Welcome to Mom On Purpose, where it’s all about helping moms overcome challenges and live their best lives. My hope is by being here, you are more inspired to become the mom you are made to be. I’m Natalie, your host, a wife, boy, mom, dog, mama, Chicagoan, and former lawyer turned professionally certified coach. If you’re here to grow, I can help. Let’s go.

Hello, my beautiful friend. Welcome to the podcast. We are in June, and that’s really fun. It is the summertime. I am starting to feel a little bit better and that that’s amazing in my third pregnancy, I hope you’re doing well, enjoying the summer months as they’re kind of just getting started. I’ve been doing so much coaching on topics about summertime and transitions and camps and kids and screen time and marriages and all of the things. I think that when we transition into summer, there are natural challenges that often arise and it’s a beautiful time to grow and to use these tools.

So I invite you to do just that. For those of you inside the membership, you already know this if you’re not inside the membership, I just released a brand new course called How to Change Your Life, and it is fantastic. It is a course that I use in all of my coaching and have used for the last handful of years, but I didn’t have it laid out this simply and in such a useful, helpful way for the members. And so now when you join right away, you get this course and I walk you through how to take your current results of whatever it is. Maybe you’re 200 pounds and you want to be 150 pounds, or maybe you yell at your kids and you want to stop yelling or maybe you really struggle with your in-laws and you just want more ease and connection. I walk you through how to go from where you are now to where you want to be in my before and after process.

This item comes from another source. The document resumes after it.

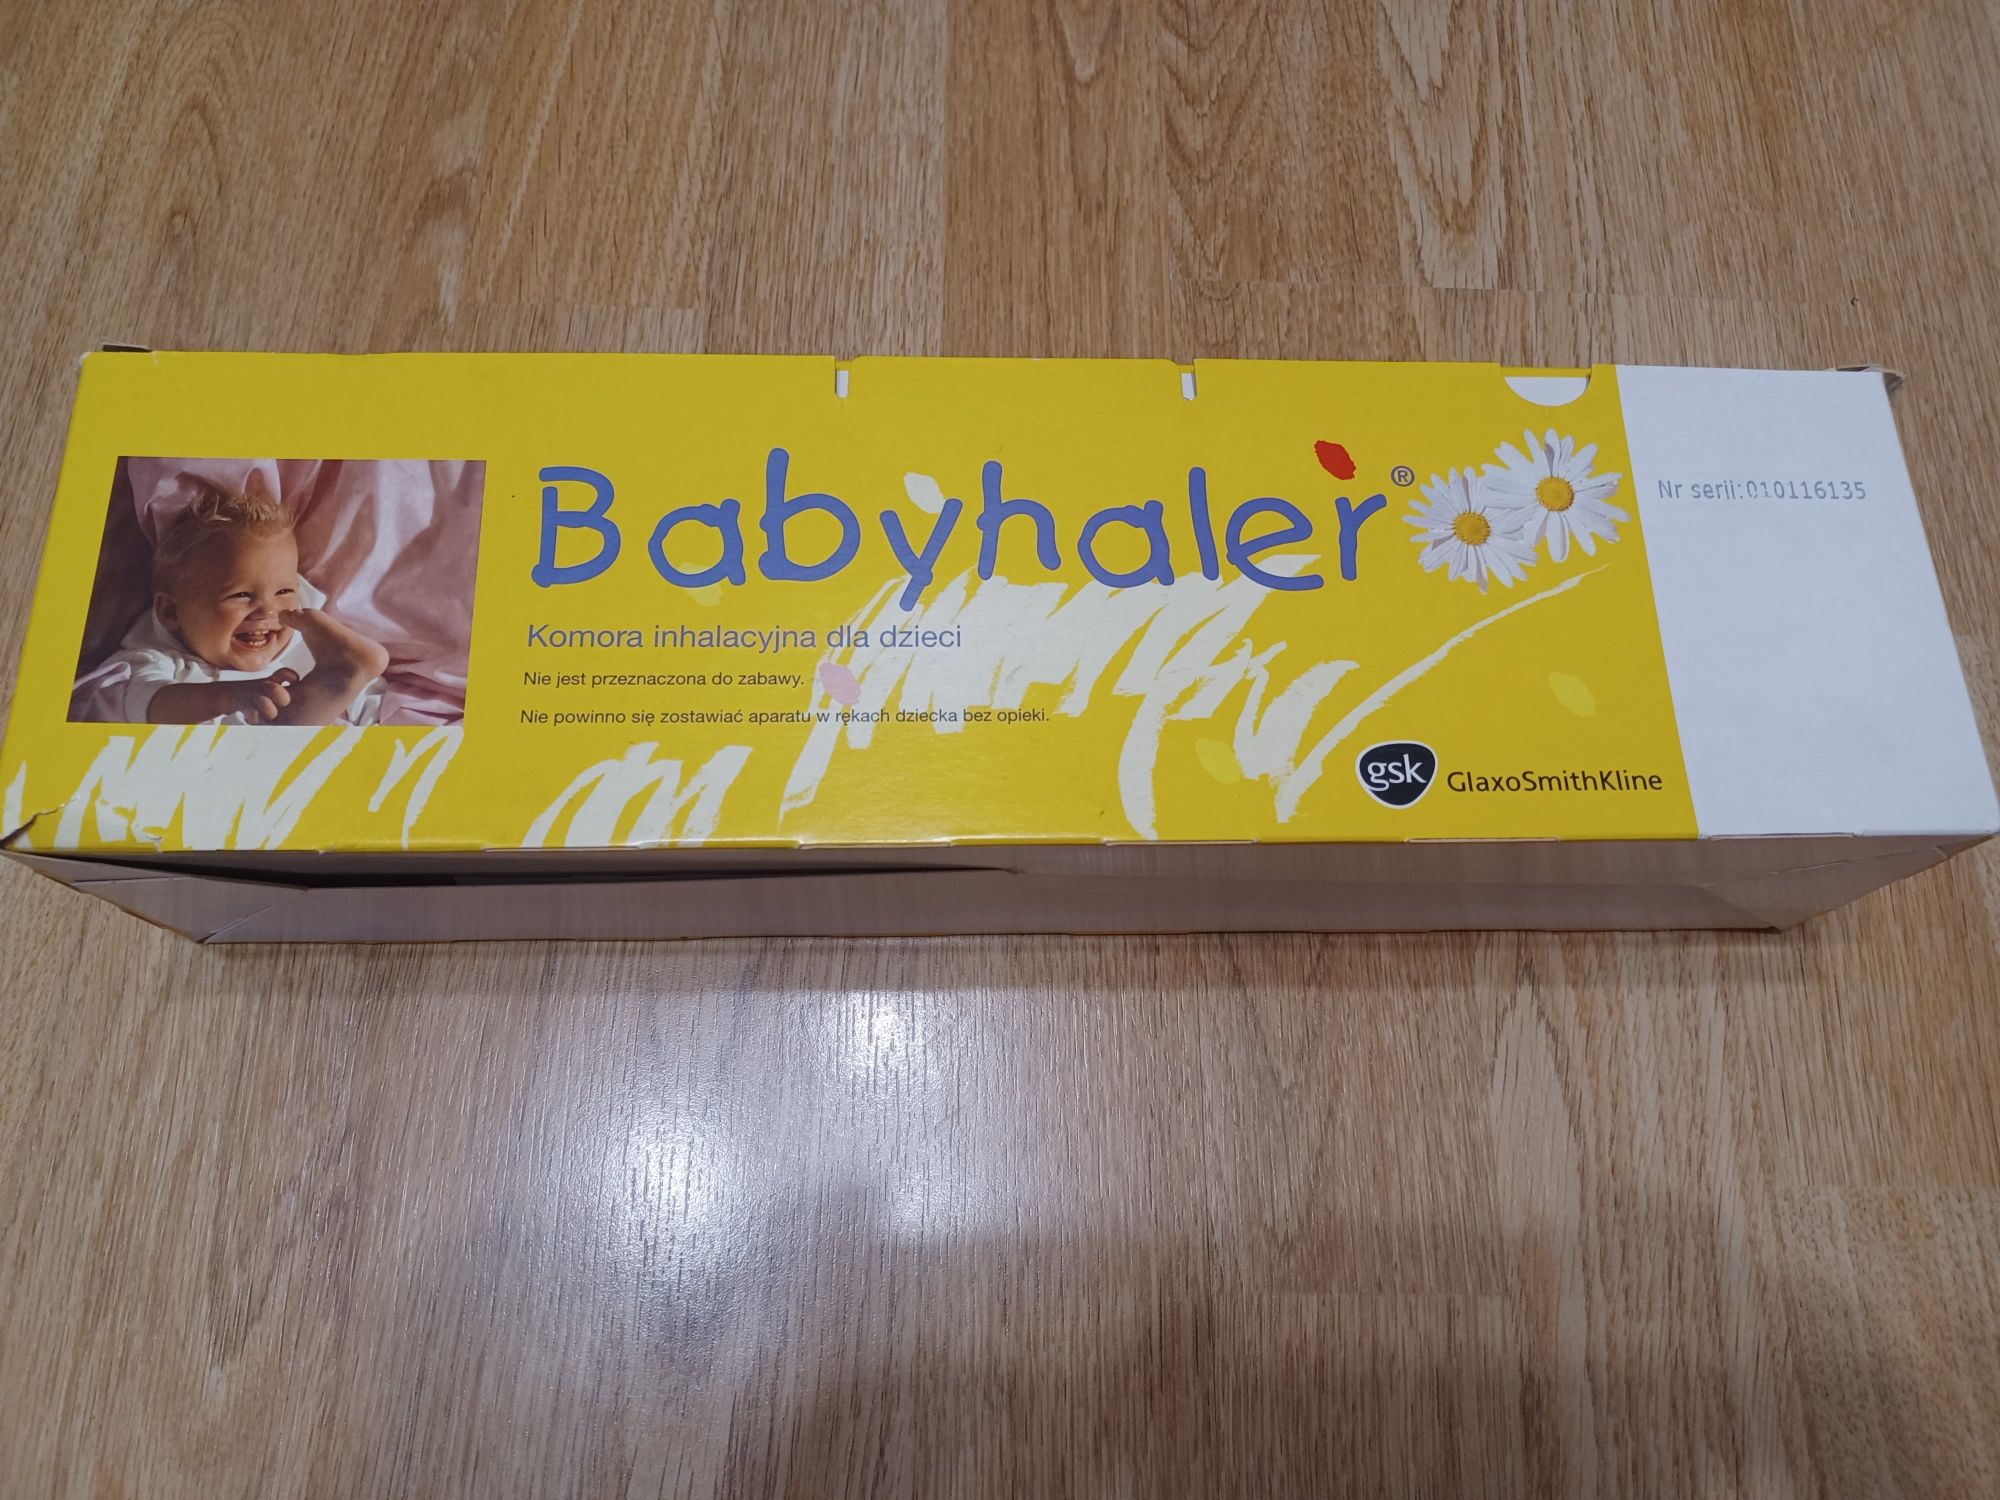 Babyhaler GlaxoSmithKline komora inhalacyjna dla dzieci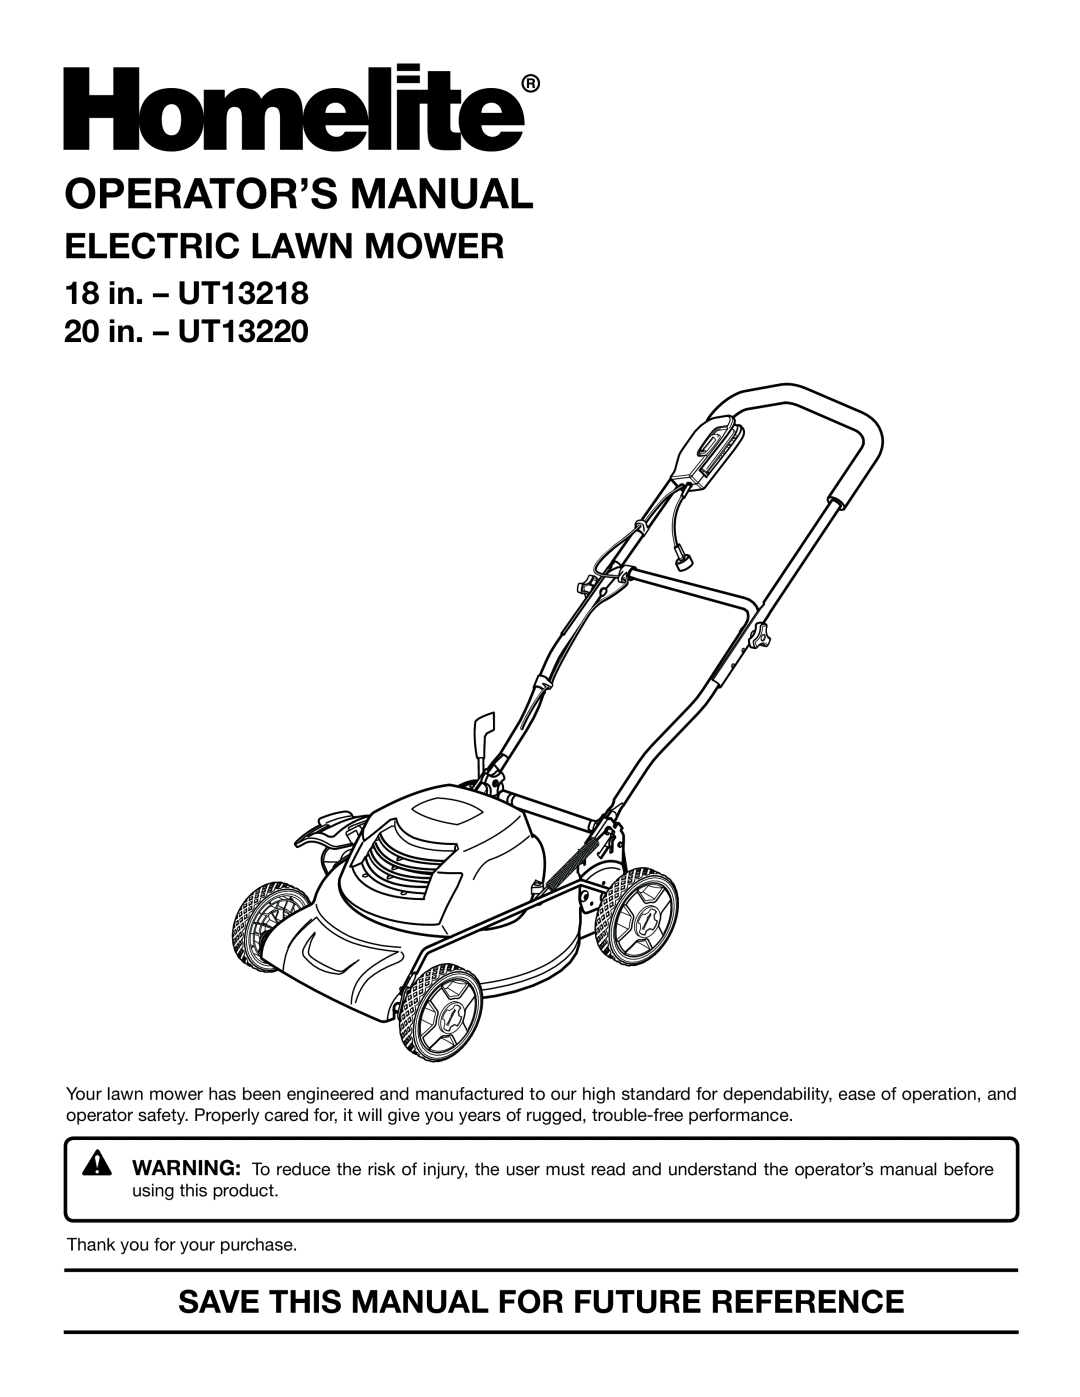 Homelite manual Operator’S Manual, Electric Lawn Mower, 18 in. - UT13218 20 in. - UT13220

This is the process of transformation. It is what I’m most passionate about because I think that that’s one of life’s greatest purposes is to grow and evolve and change. And to do that in such a way that inspires you and motivates you and helps you strengthen your relationship with yourself and your relationship with your family is just so incredible. So it’s been a lot of fun so far. And if you’re not in there, you can join us over at mompurpose.com/coaching. Now let’s dive in to today’s episode, which is about self-doubt, having a baby as an older mom. In a minute I’m going to play a recording from a caller who is having self-doubt about having a baby in a phase of life where she’s called being an older mom. And I have so many thoughts that I want to share with you about this. So in the episode we’re going to talk about self-doubt. We’re going to talk about growth journeys, we’re going to talk about answering questions that your brain asks you. We’re going to talk about how growing and growing your family really gives you an opportunity to look at the relationship you have with yourself. We’re going to talk about how to make decisions and evaluate not from scarcity, but from abundance. And I’m going to be sharing my story and how I think about myself, my age, and being a mom in this later season of life. And with that, let’s listen in.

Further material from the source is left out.